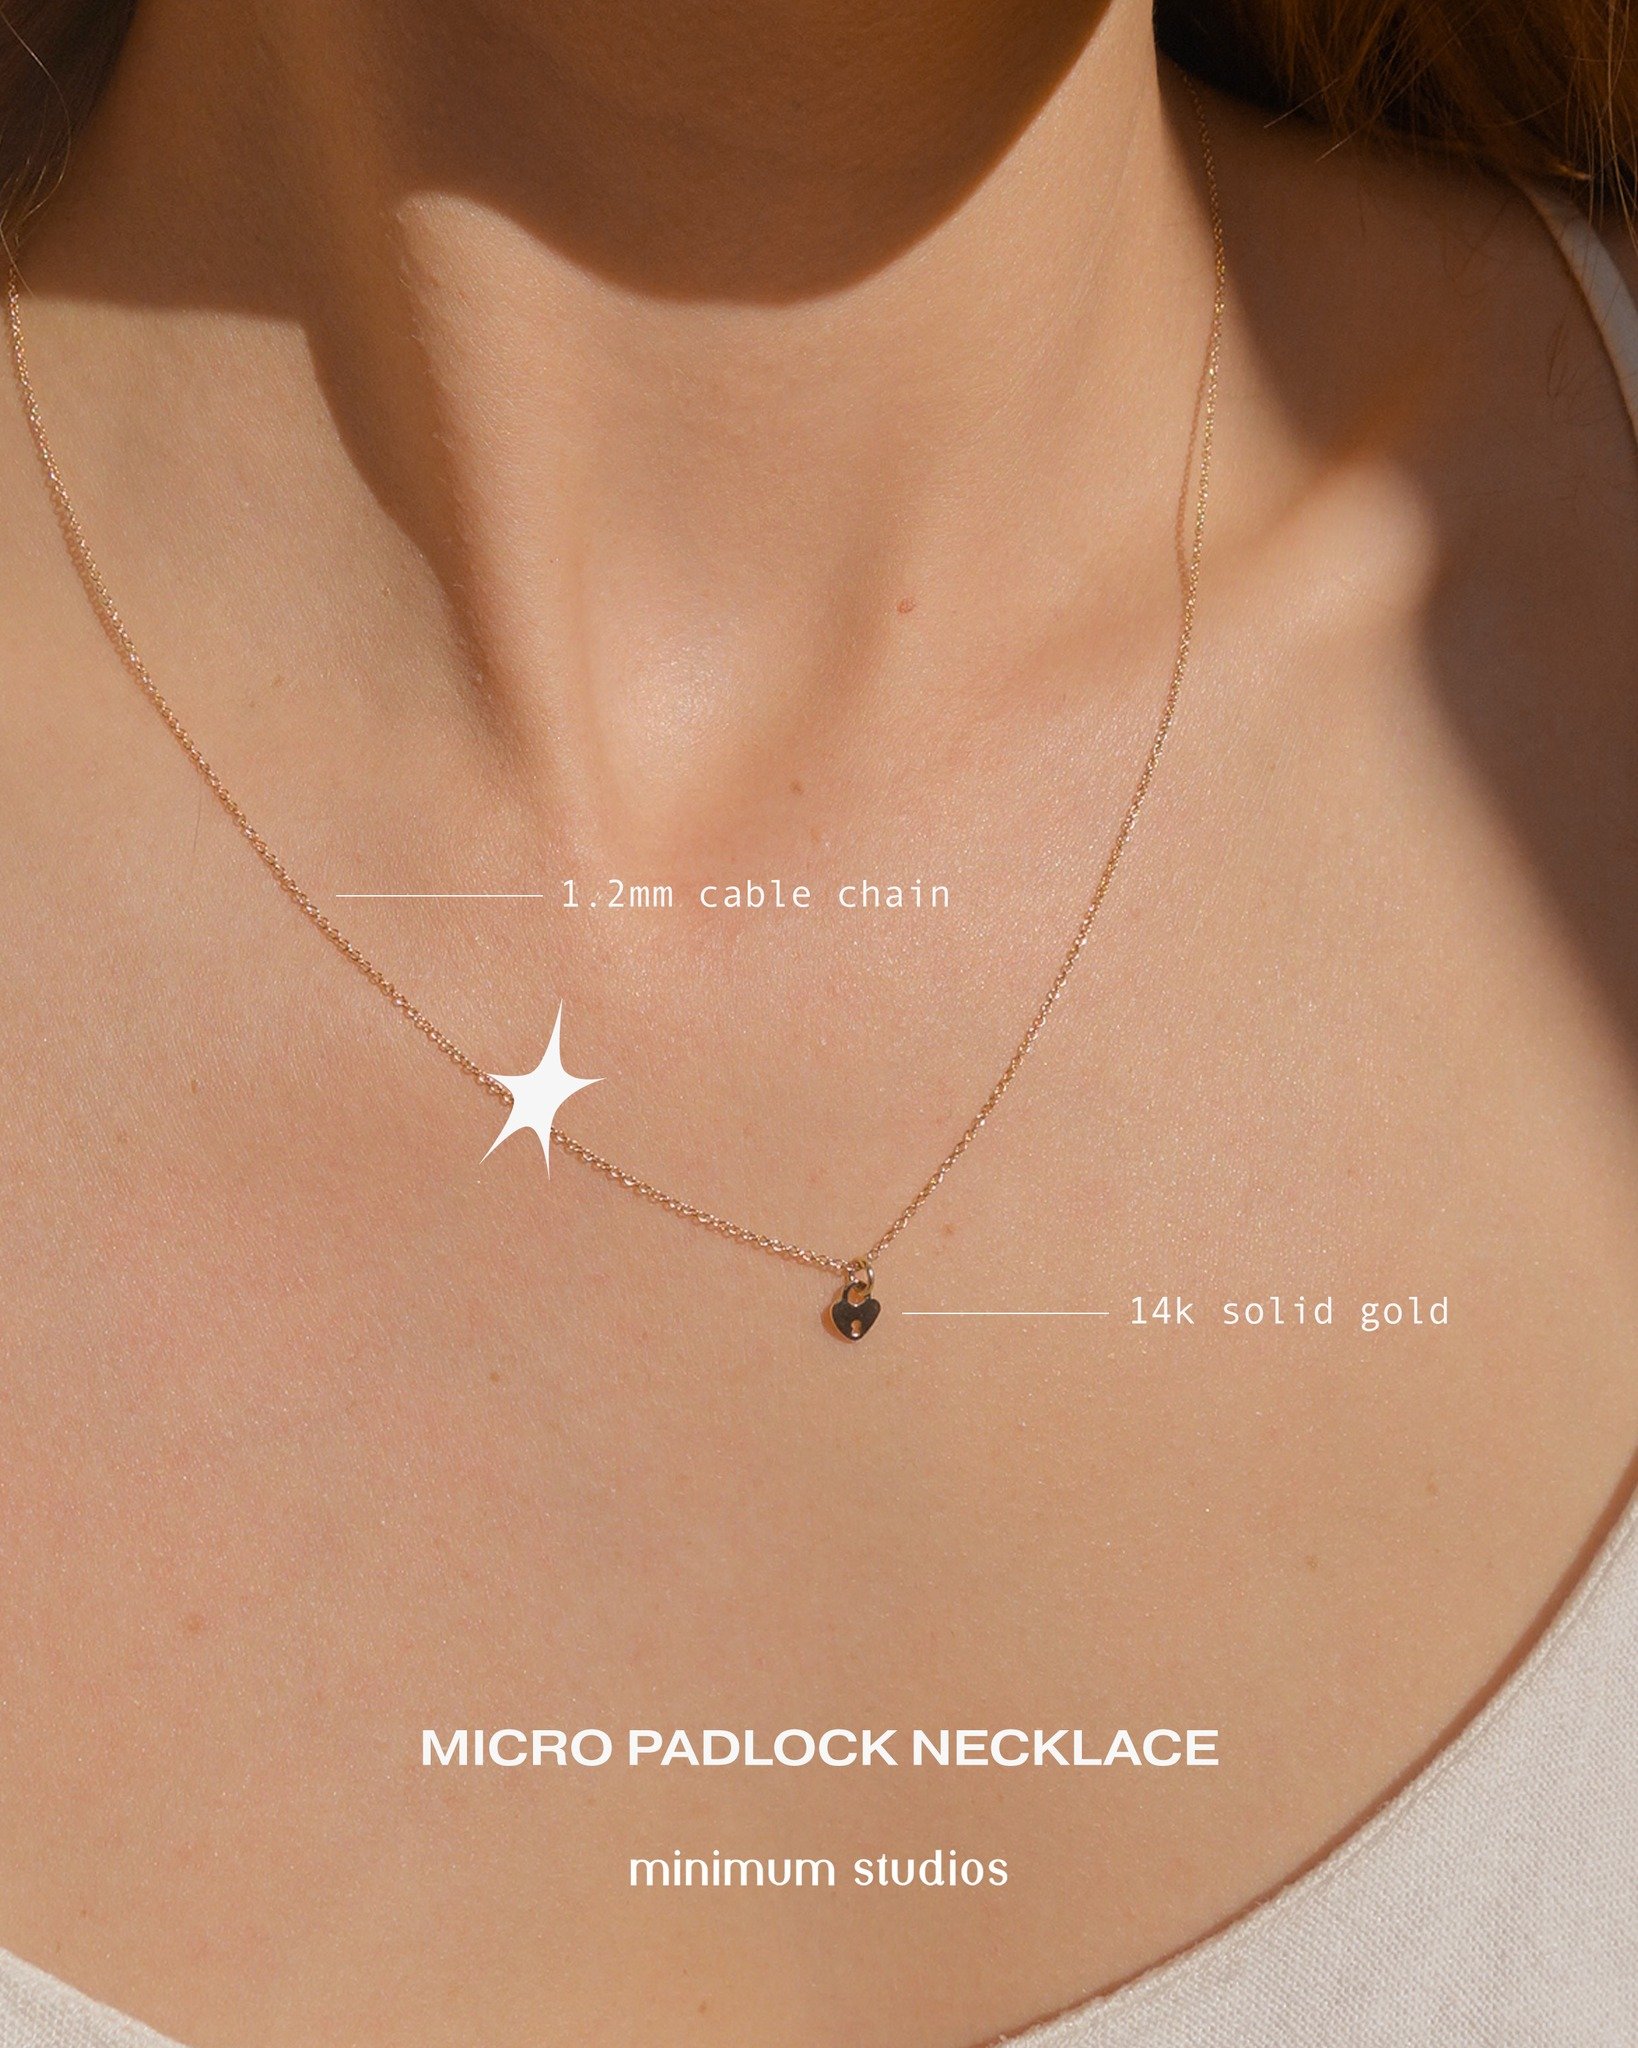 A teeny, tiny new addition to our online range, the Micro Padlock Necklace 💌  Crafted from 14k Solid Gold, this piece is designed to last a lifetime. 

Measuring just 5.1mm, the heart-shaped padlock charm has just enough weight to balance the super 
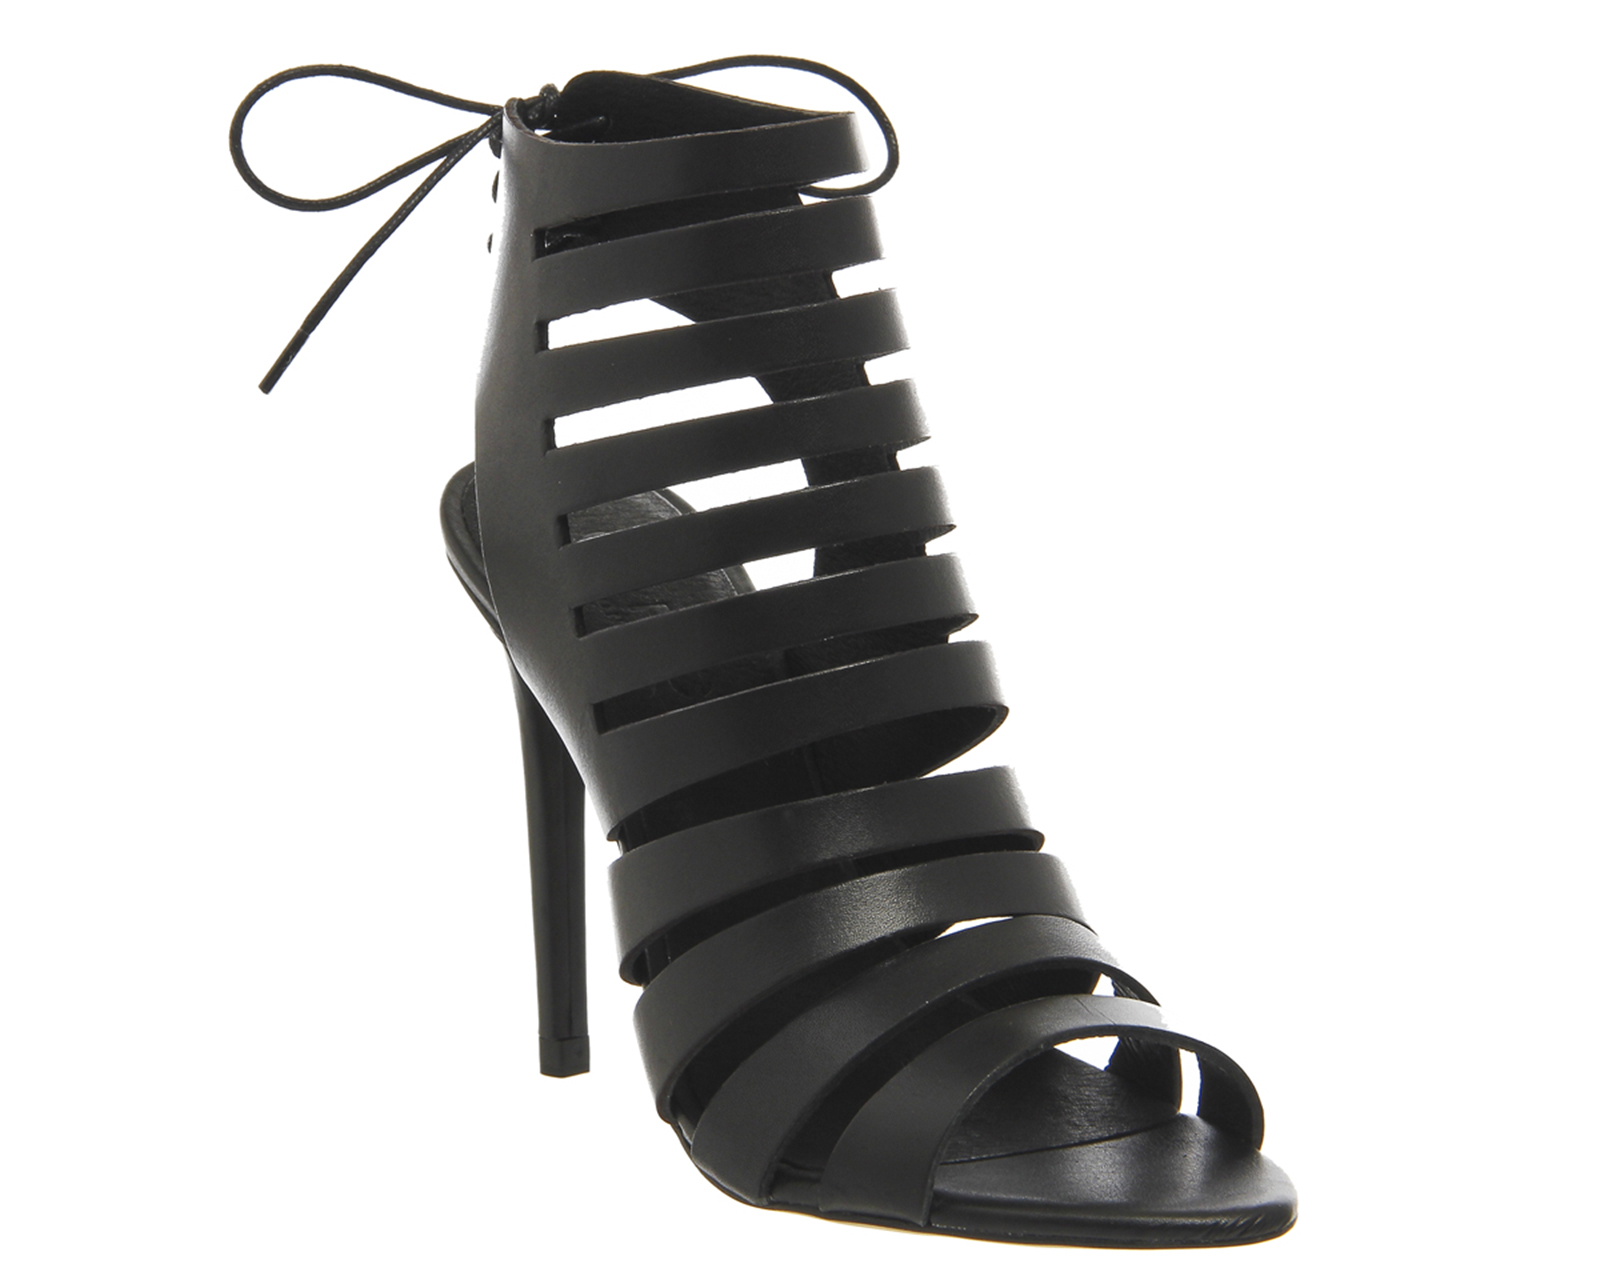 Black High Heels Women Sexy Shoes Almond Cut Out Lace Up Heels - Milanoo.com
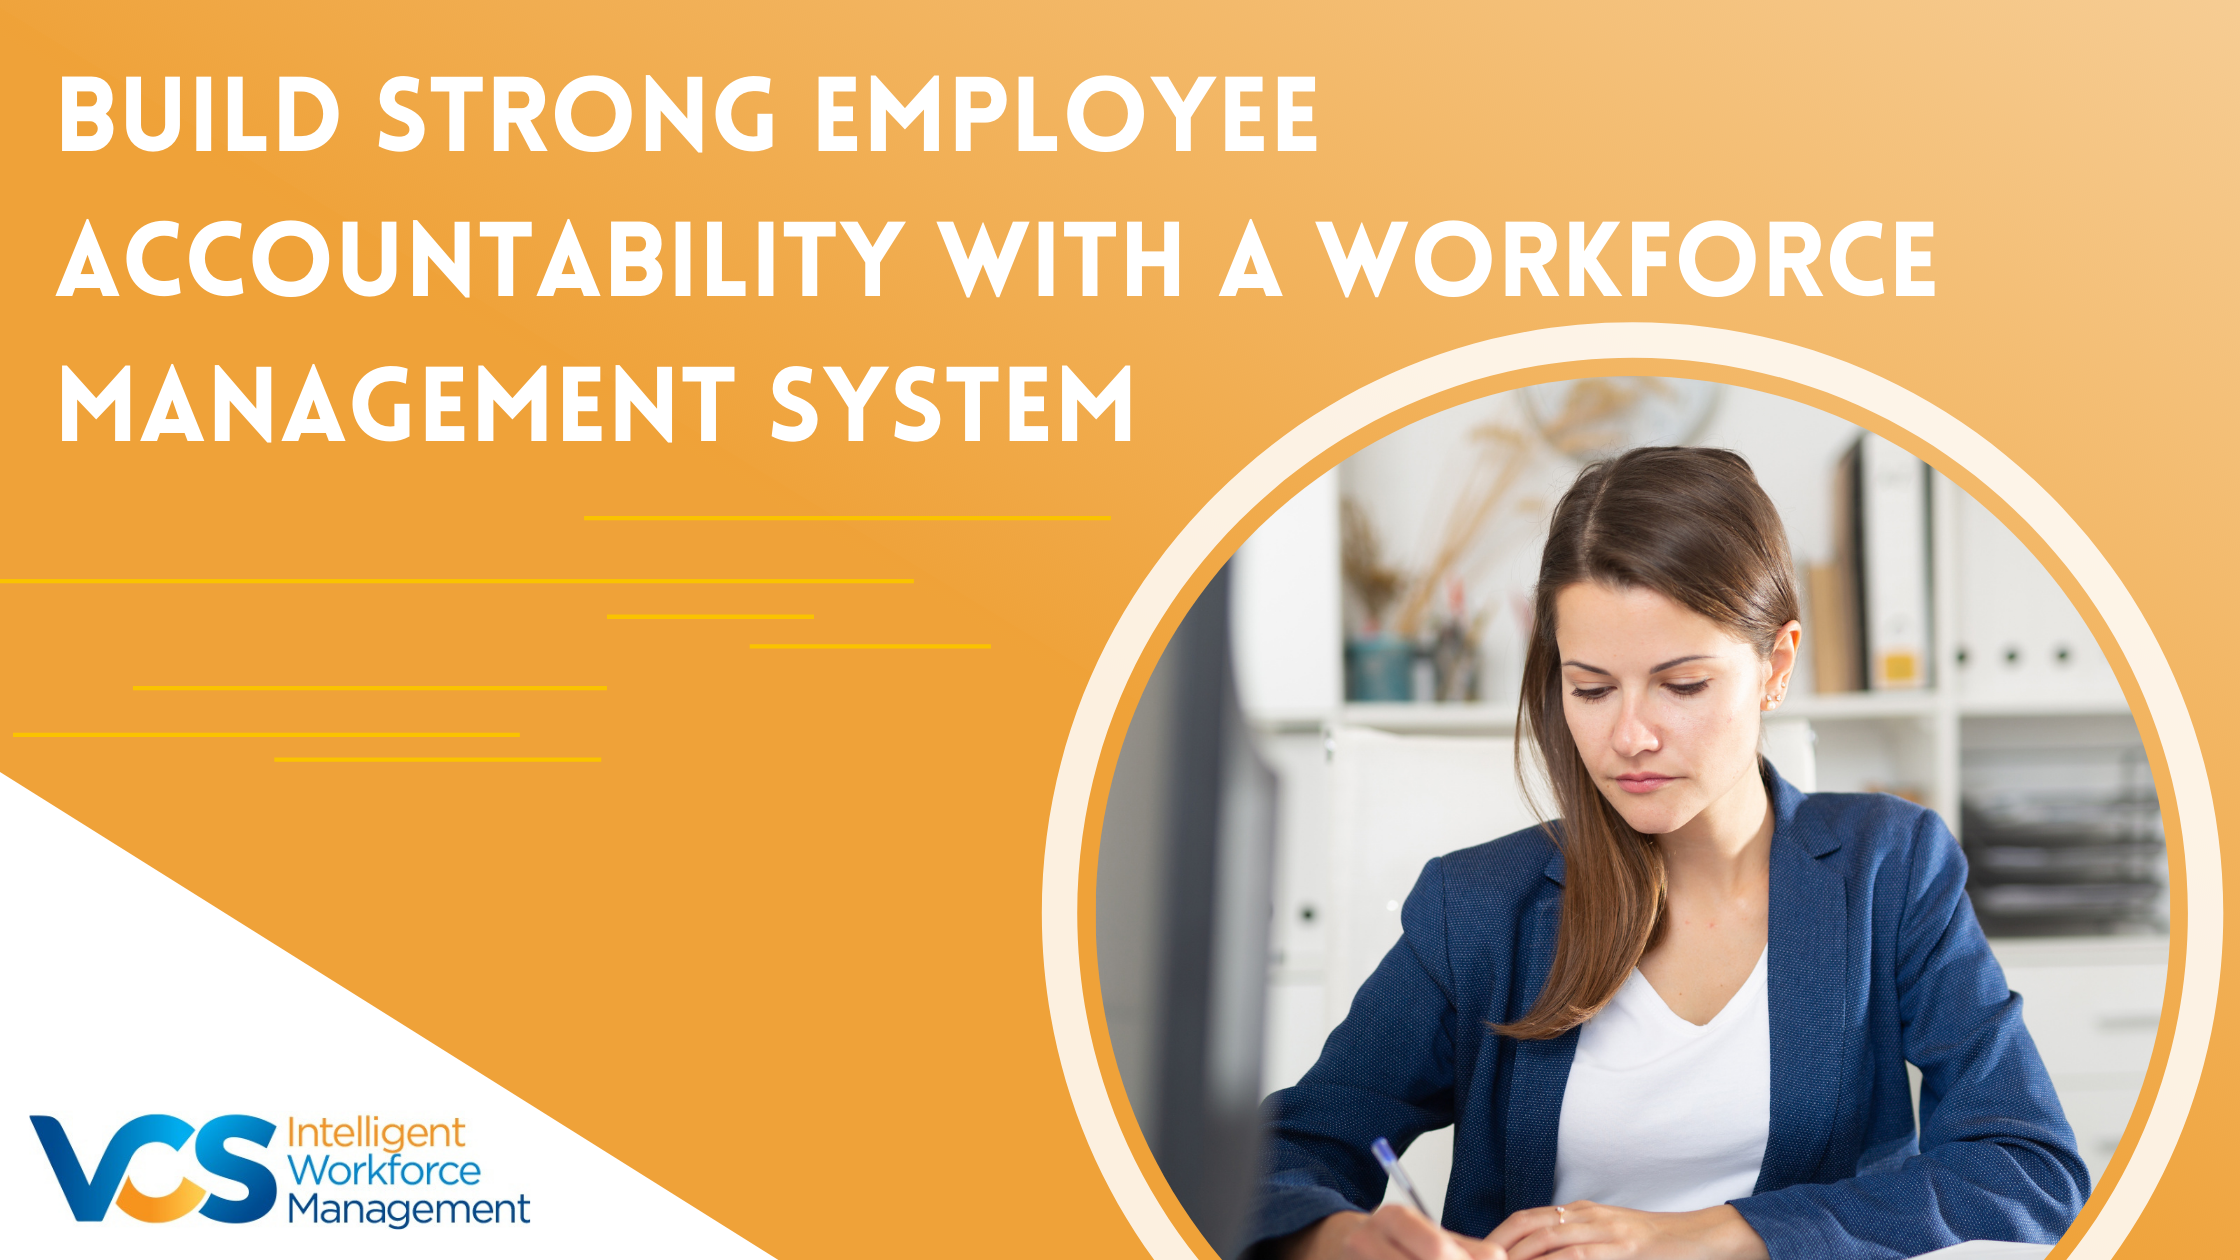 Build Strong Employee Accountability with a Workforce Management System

#### [What you should do]
From the line that contains "Black High Heels" down to the last line of the material above, every line must be repeated exactly, with pictures removed and both end lines included.

#### [Answer space]
 Black High Heels Women Sexy Shoes Almond Cut Out Lace Up Heels - Milanoo.com
 Build Strong Employee Accountability with a Workforce Management System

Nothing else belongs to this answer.